* Materials provided:
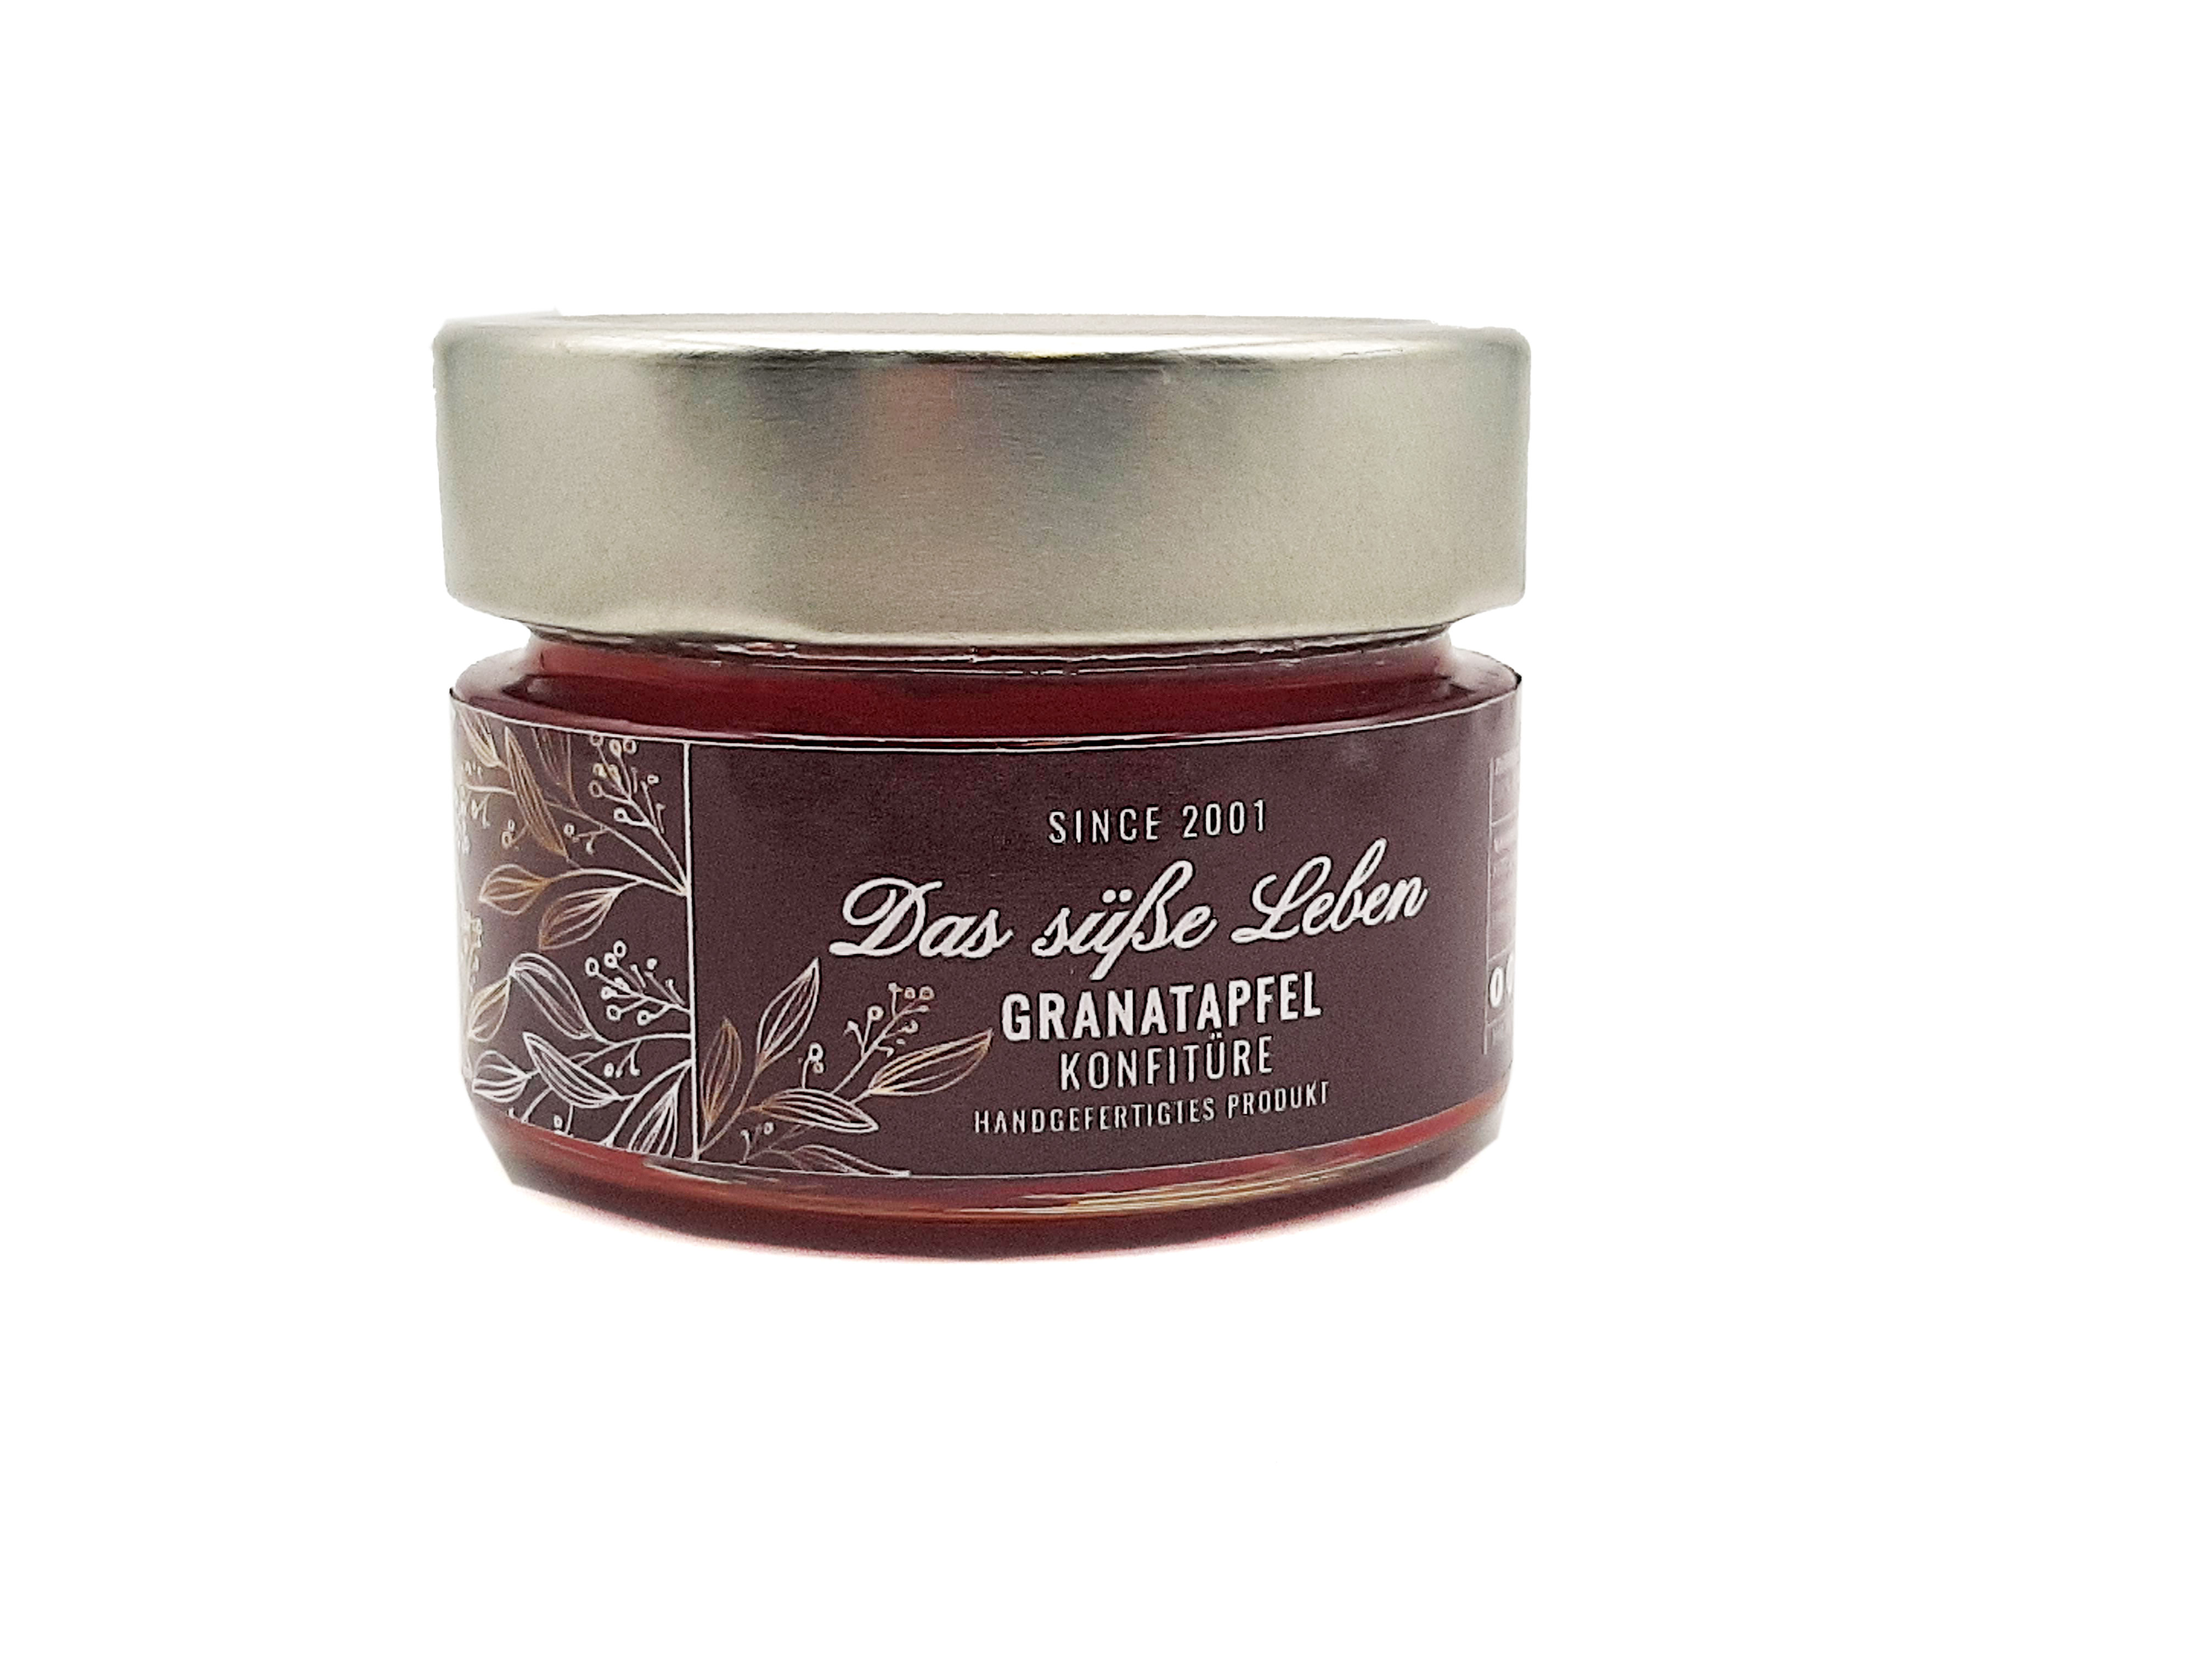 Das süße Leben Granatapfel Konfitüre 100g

==

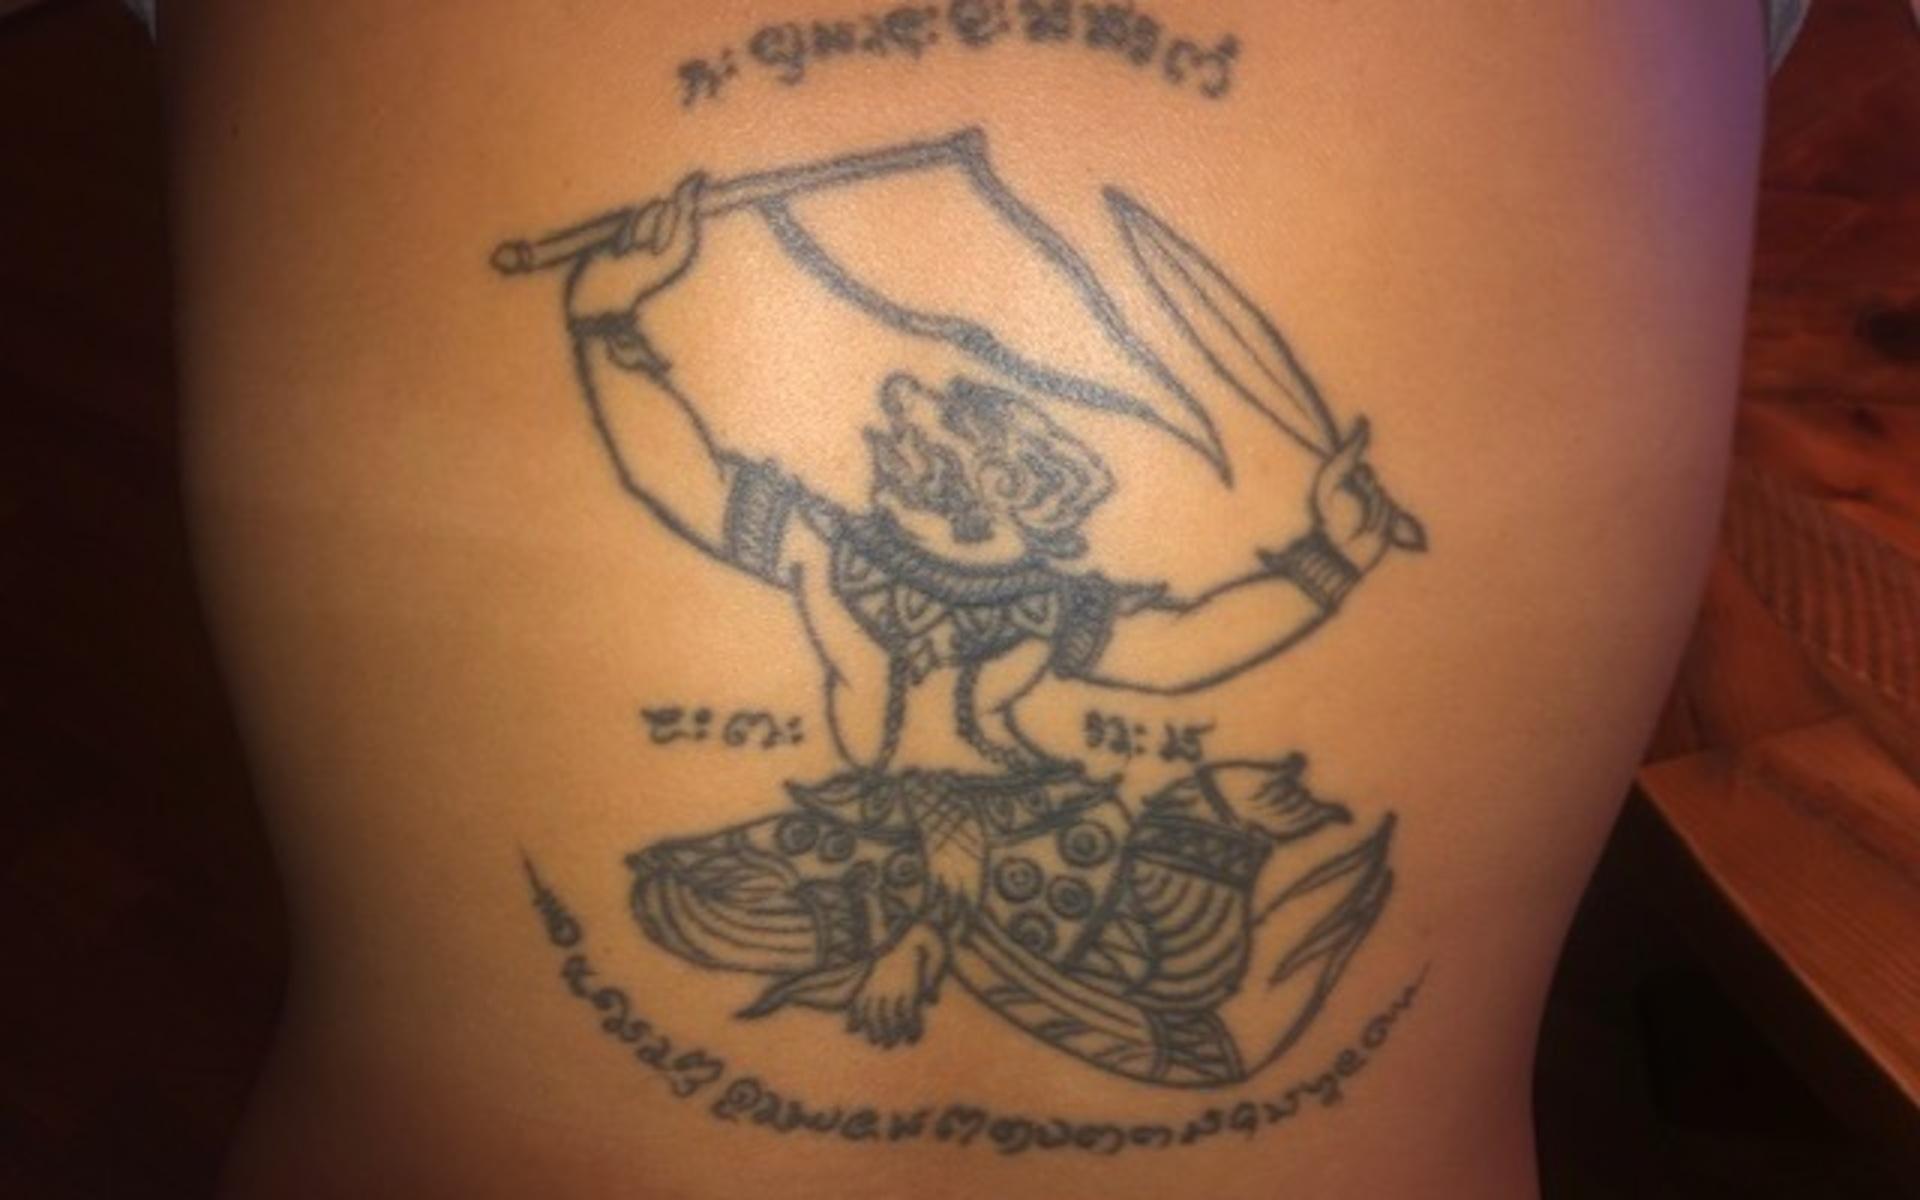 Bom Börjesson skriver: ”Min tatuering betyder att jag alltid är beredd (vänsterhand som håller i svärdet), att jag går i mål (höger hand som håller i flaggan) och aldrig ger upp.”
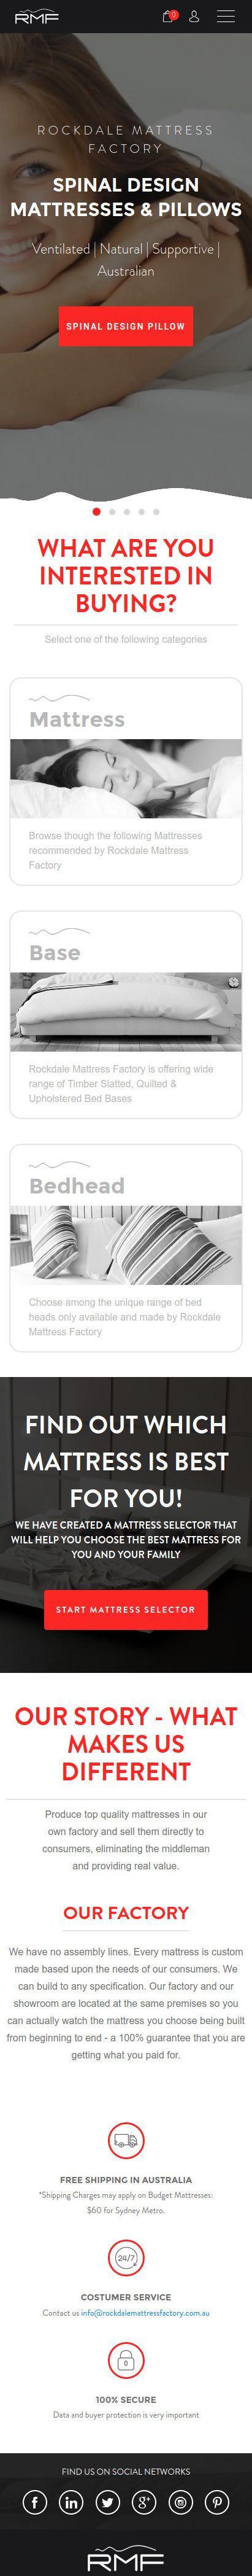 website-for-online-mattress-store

* Work instructions: Working from the data above, repeat exactly, and only, the lines that begin at the line containing "tatuering betyder att" and stop after the line containing "website-for-online-mattress-store"; pictures are not copied.

* Response area:
 Bom Börjesson skriver: ”Min tatuering betyder att jag alltid är beredd (vänsterhand som håller i svärdet), att jag går i mål (höger hand som håller i flaggan) och aldrig ger upp.”
 website-for-online-mattress-store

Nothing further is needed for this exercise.